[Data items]
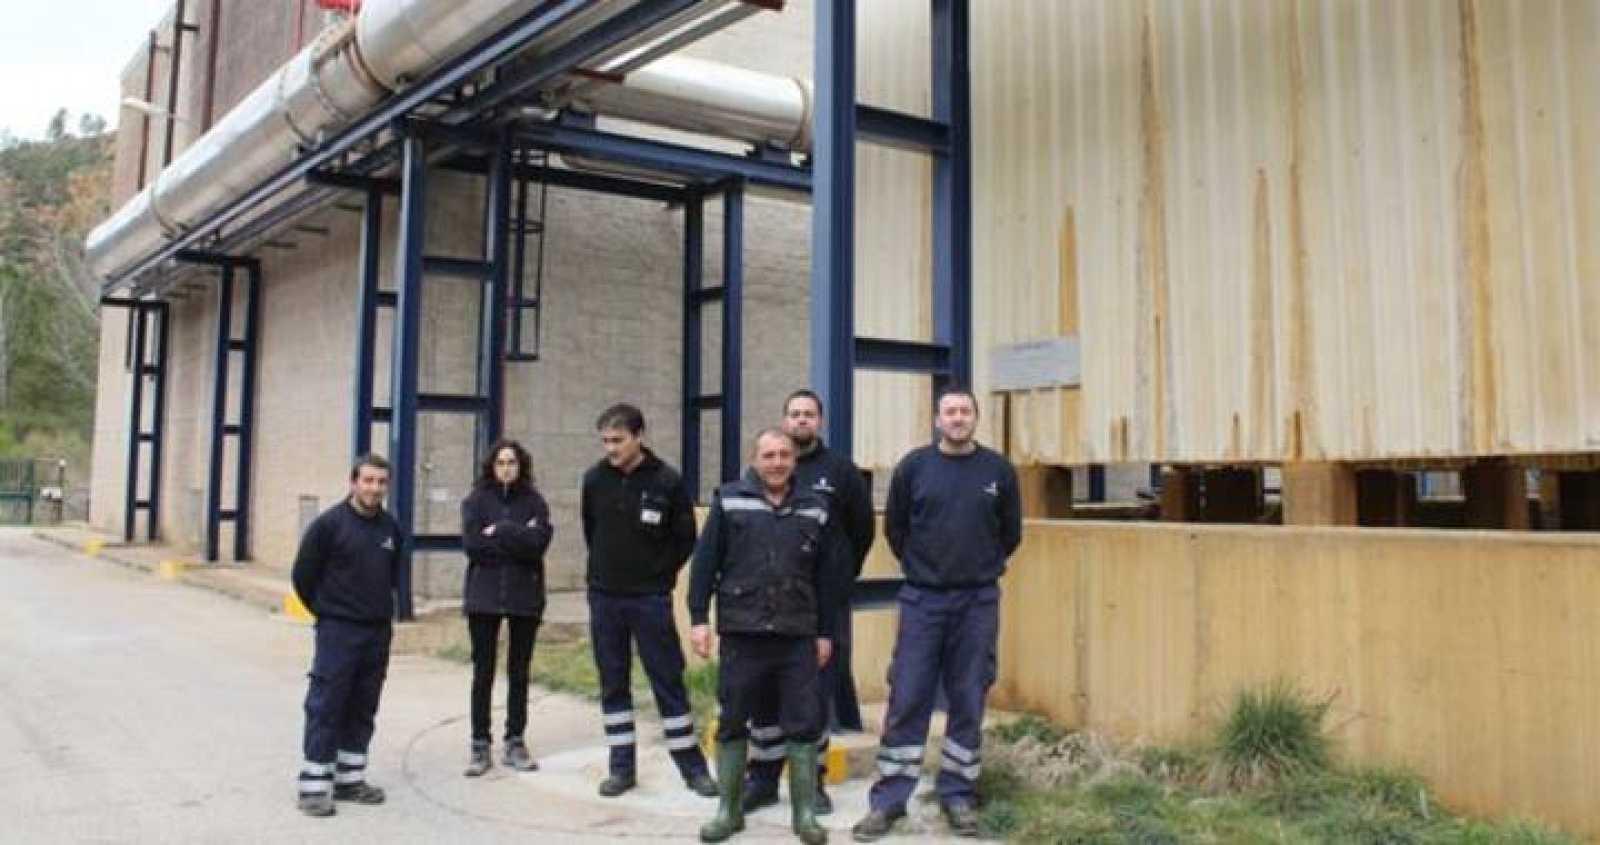 Trabajadores de la planta de cogeneración de la localidad turolense de Aliaga
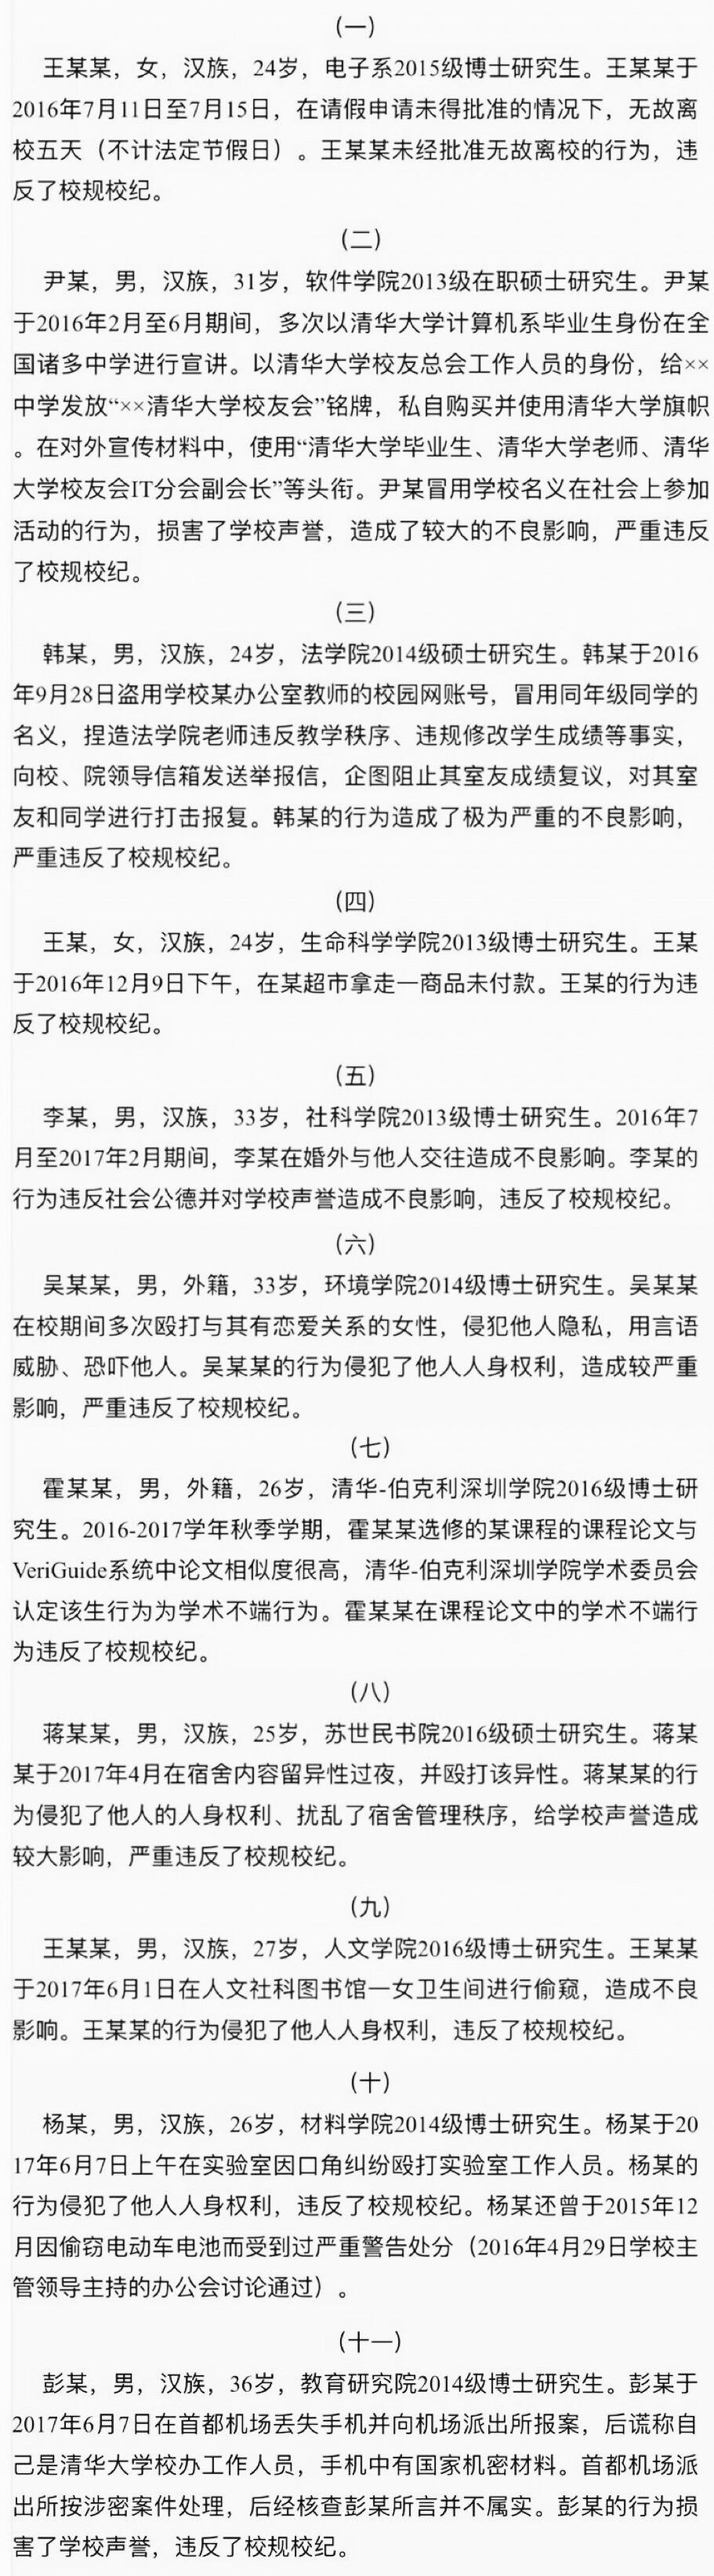 清华大学11名研究生被处分 涉婚外情、偷窥女厕等
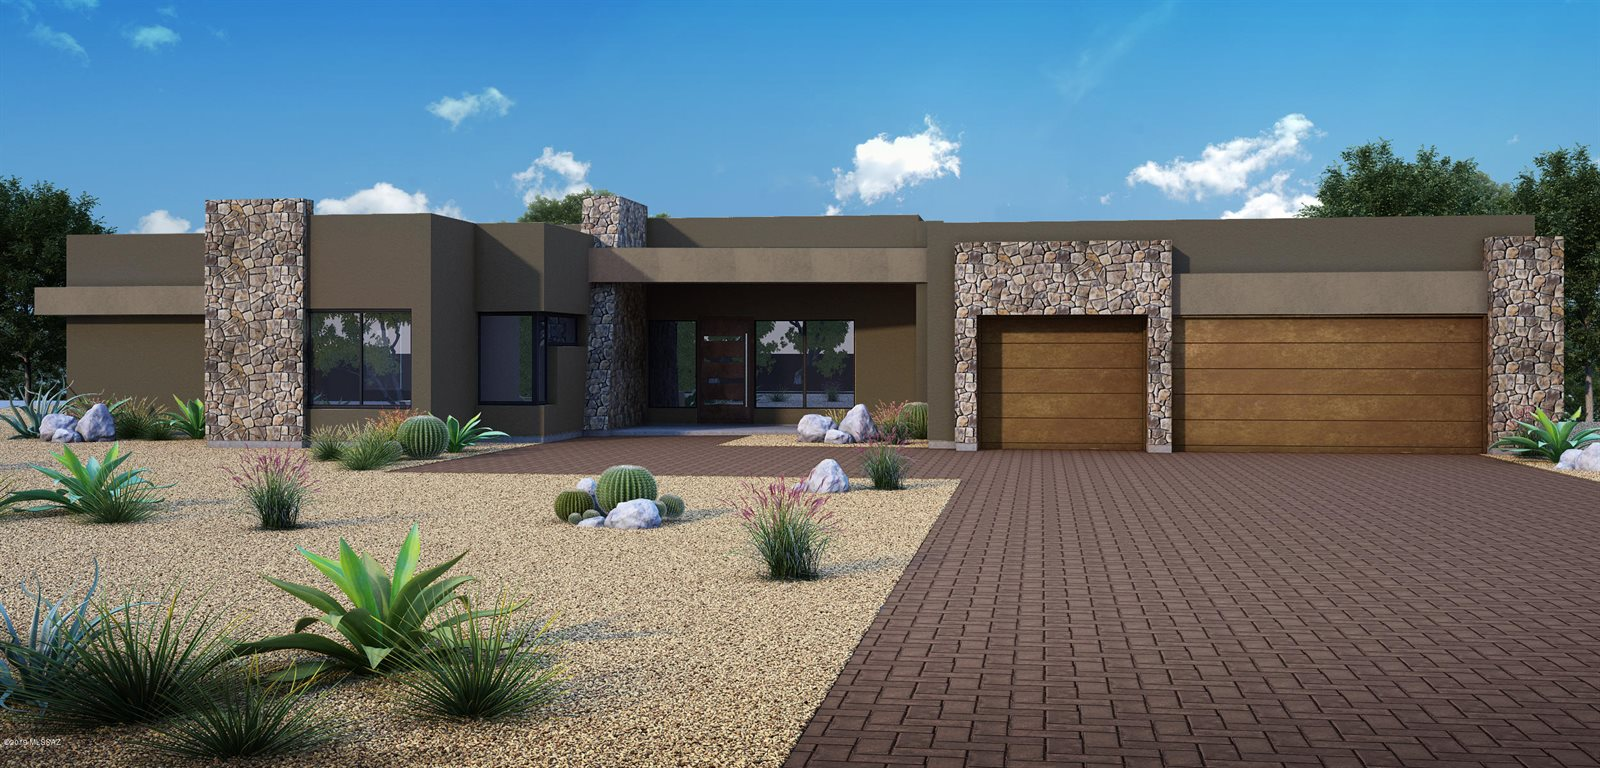 3050 North Placita De Nazca, Tucson, AZ 85749
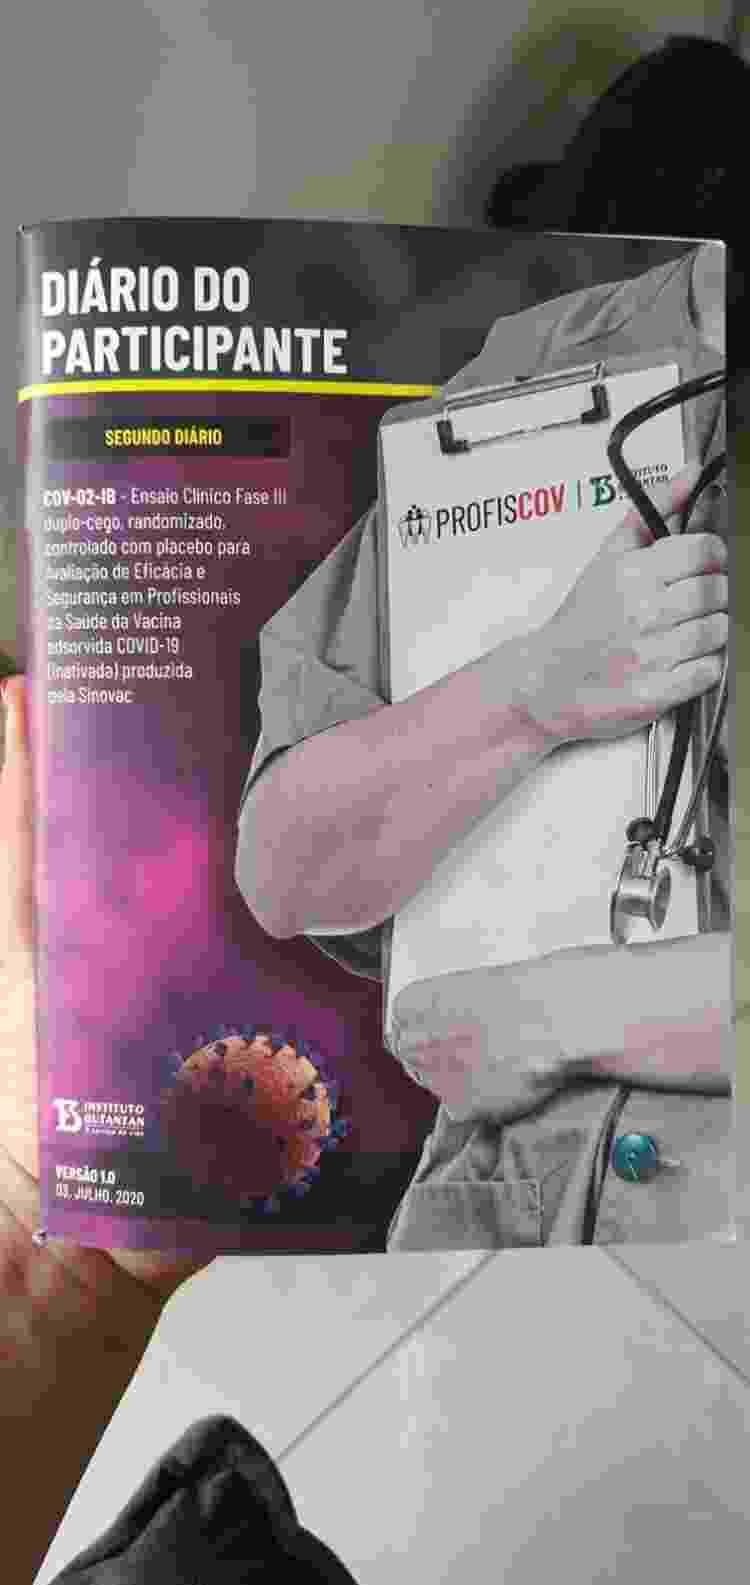 diário do participante dos estudos da CoronaVac - Arquivo pessoal - Arquivo pessoal
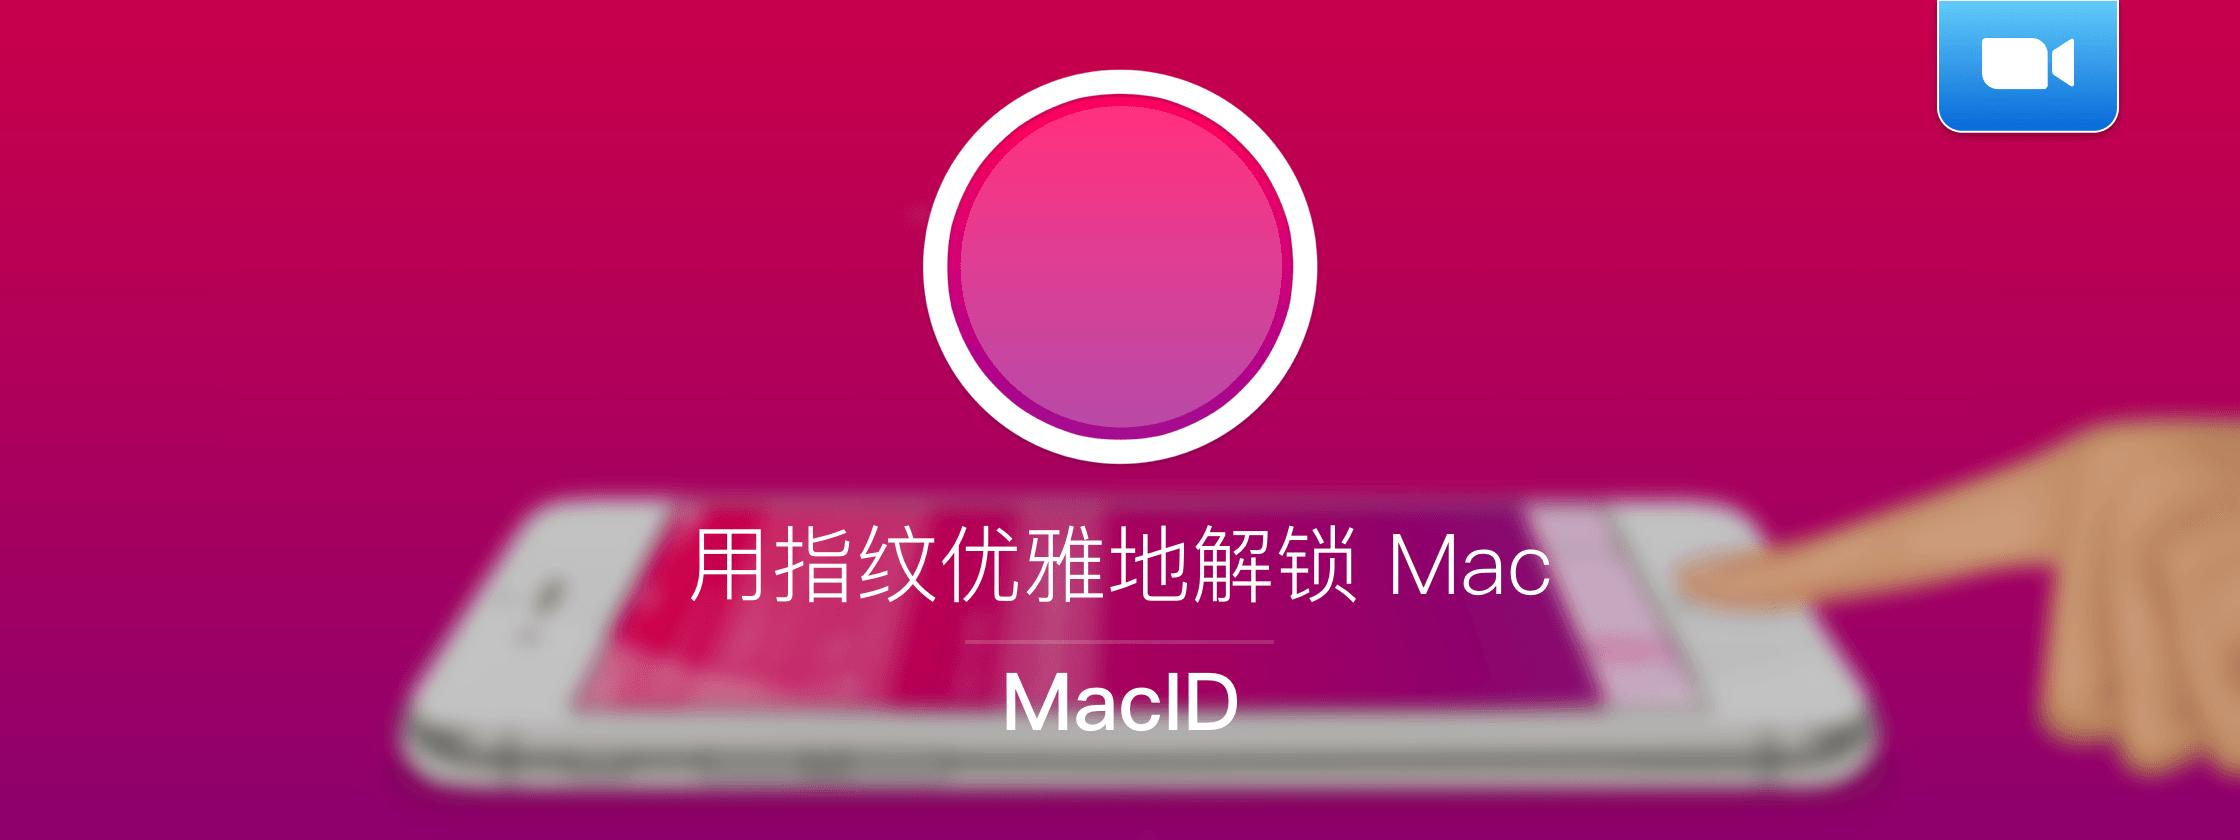 【视频】MacID,用指纹优雅地解锁 Mac

§ **What you should do**
Please repeat exactly the lines from the one containing "清华大学11名研究生被处分 涉婚外情、偷窥女厕等" through the end of the entries, both included, omitting pictures.

§ **Reply**
 清华大学11名研究生被处分 涉婚外情、偷窥女厕等
 3050 North Placita De Nazca, Tucson, AZ 85749
 diário do participante dos estudos da CoronaVac - Arquivo pessoal - Arquivo pessoal
 【视频】MacID,用指纹优雅地解锁 Mac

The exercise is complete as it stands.